Foo2 does the same, but it does so via Gateway. Also note that it captures the local variable x in a closure, so it can be read and modified in Foo2 and in the nested lambda.

This means that for every call to Foo2, it is necessary to allocate two GC objects. Firstly, the closure is implemented by a compiler generated class, which would look like this:

[CompilerGenerated]
private sealed class <>c__DisplayClass1
{
    public int x;

    public void <Foo2>b__0()
    {
        Program.Count();
        x++;
    }
}

The local variable x has become a field of that class. So every time Foo2 is called, an instance of <>c__DisplayClass1 is allocated to store the variable x. Then there’s the lambda, which has become the method <Foo2>b__0 of the class. In order to pass it to Gateway, an instance of the Action delegate must be created that has an Invoke method that forwards to <Foo2>b__0.
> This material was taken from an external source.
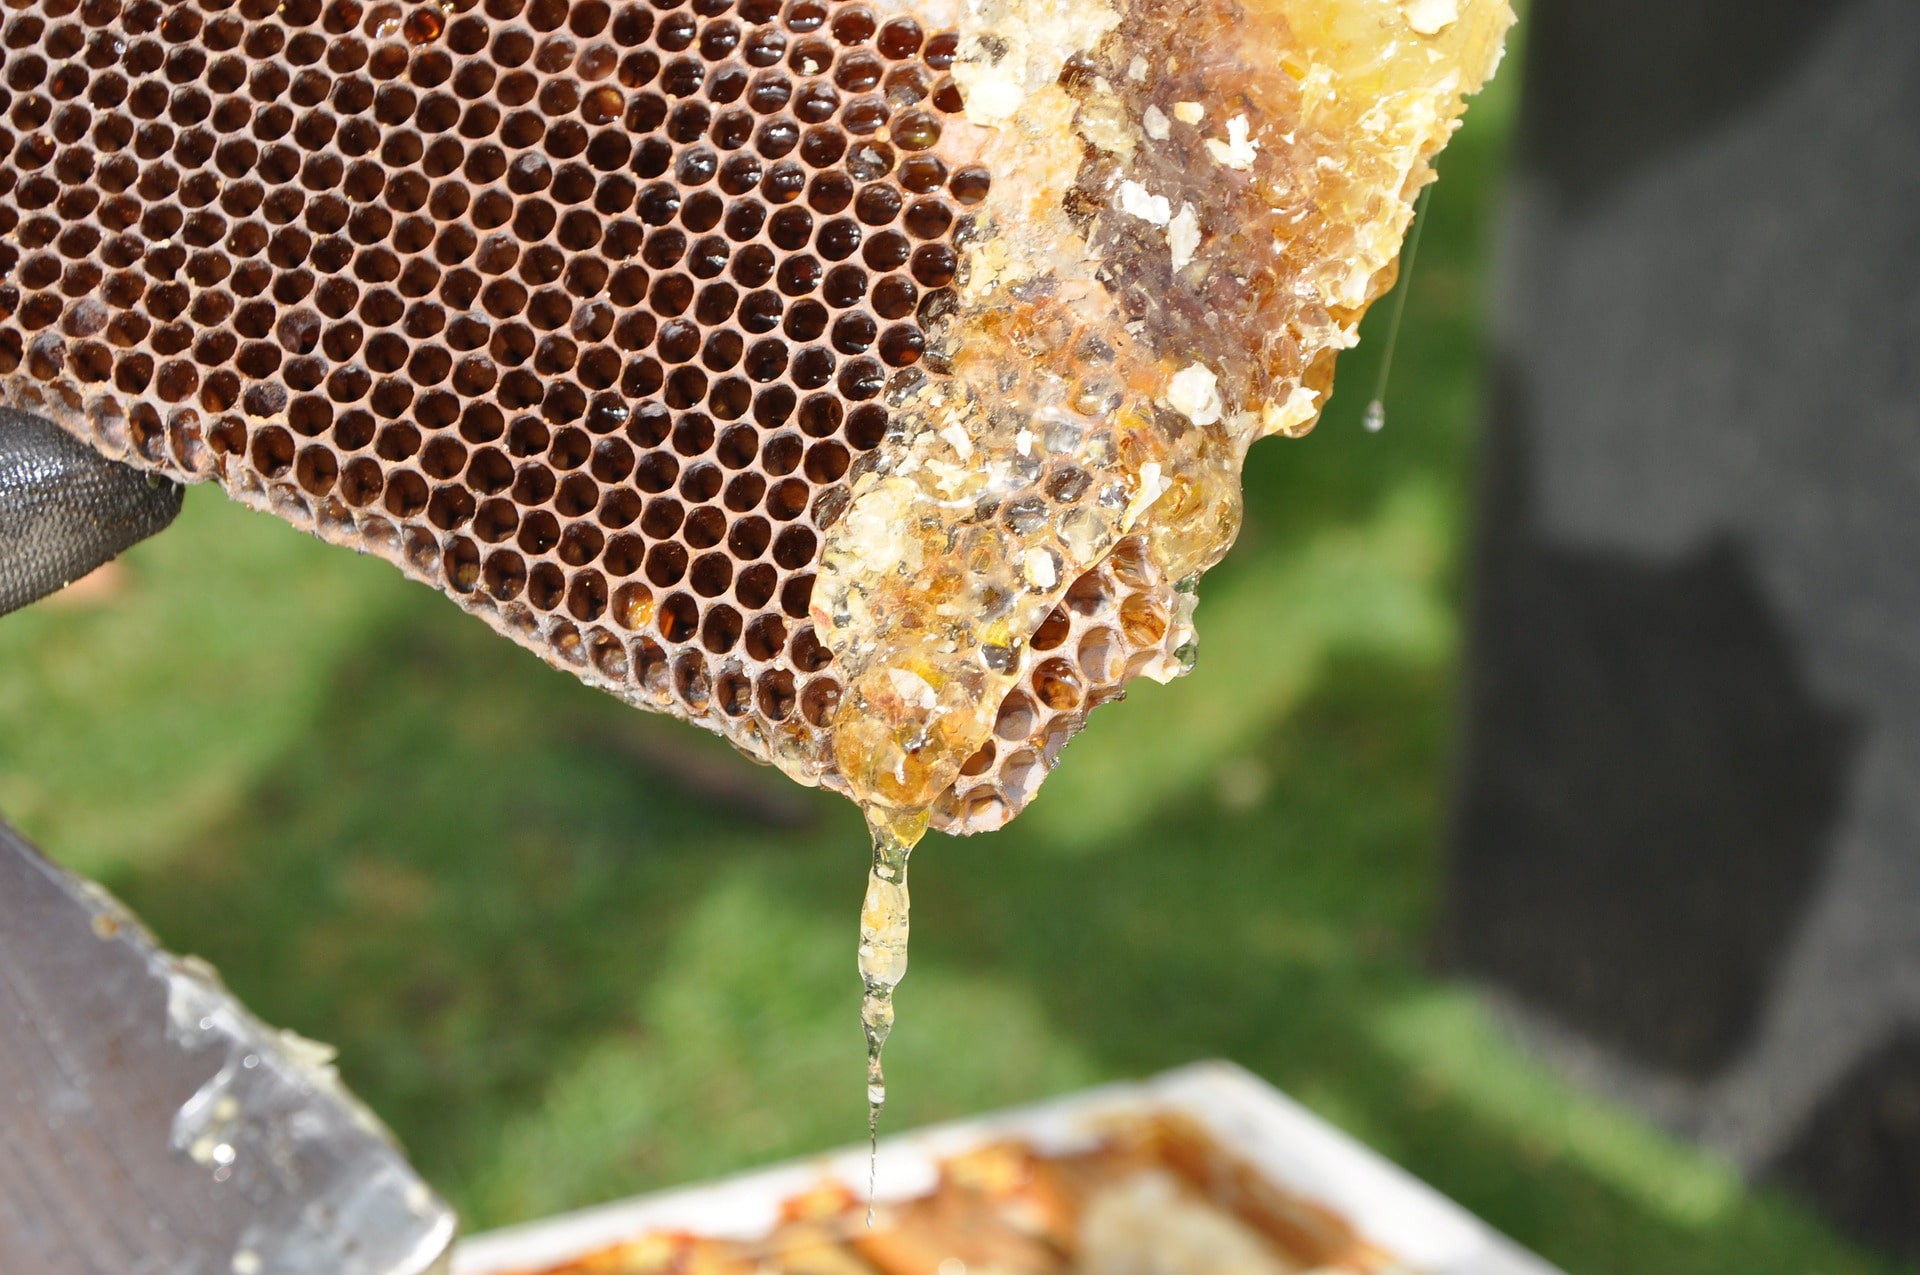 beekeeper-g696171e08_1920-min.jpg

To confirm this, look at the IL for Foo2:

.method public hidebysig static int32 Foo2() cil managed
{
    .maxstack 3
    .locals init (
        [0] class Program/<>c__DisplayClass1 CS$<>8__locals2)
    L_0000: newobj instance void Program/<>c__DisplayClass1::.ctor()
    L_0005: stloc.0 
    L_0006: ldloc.0 
    L_0007: ldc.i4.0 
    L_0008: stfld int32 Program/<>c__DisplayClass1::x
    L_000d: ldloc.0 
    L_000e: ldftn instance void Program/<>c__DisplayClass1::<Foo2>b__0()
    L_0014: newobj instance void [System.Core]System.Action::.ctor(object, native int)
    L_0019: call void Program::Gateway(class [System.Core]System.Action)
    L_001e: ldloc.0 
    L_001f: ldfld int32 Program/<>c__DisplayClass1::x
    L_0024: ret 
}

Sure enough, there are two calls to newobj – the first one allocates the storage for the closure, the second allocates the Action delegate. Compare this with the much cleaner-looking code for Foo1:

.method public hidebysig static int32 Foo1() cil managed
{
    .maxstack 2
    .locals init (
        [0] int32 x)
    L_0000: ldc.i4.0 
    L_0001: stloc.0 
    L_0002: call void Program::Push()
    L_0007: call void Program::Count()
    L_000c: ldloc.0 
    L_000d: ldc.i4.1 
    L_000e: add 
    L_000f: stloc.0 
    L_0010: call void Program::Pop()
    L_0015: ldloc.0 
    L_0016: ret 
}

No allocations, just some method calls. So the overhead of Foo2 must be pretty big, right? Especially when those heap-allocated objects will need to be garbage-collected all the time. What if a lot of them build up? Won’t that put “pressure” on the GC and make everything grind to a halt?

Well, try running the test program. It does a hundred million calls to Foo1, and then the same number of calls to Foo2. It then figures out the difference in the timings for these runs. On my VM of Windows XP running on a MacBook Pro, the output is:

Direct, 100000000 calls: 27.209 s
Lambda, 100000000 calls: 33.515 s
Overhead per call: 63.06 ns

Now, it’s customary with this kind of test to observe that 33 seconds is longer than 27 seconds and try to conclude something from that, like “lambdas make your code about 25% slower”. However, that would be completely stupid. The point is that the code in the test is doing very little, apart from keeping the GC a little busy, so that makes the overhead appear more significant than it would be in a real program. The important point is that it only took 6 seconds longer even though we are doing a hundred million calls, i.e. the overhead per call is about 60 nanoseconds. Which is very, very small. Code that actually did something useful would make such an overhead utterly invisible.

Note that if the GC was not collecting at regular intervals during the test, we would have a build up of 400 million objects (100 million strings in Foo1, another 100 million in Foo2, which also needs 100 million closures and 100 million delegates). The overhead on an object is 8 bytes (two pointers used by the CLR), so that’s approximately 3 GB of memory requirement even without considering the actual data stored in the objects. So the GC clearly is cleaning up old objects during the test, or else it wouldn’t finish successfully.

So the GC heap is so fast that in a real program, even in tight loops, you can use closures and delegates without even giving it a second’s thought (or even a few nanosecond’s thought). As always, work on a clean, safe design, then profile to find out where the overhead is.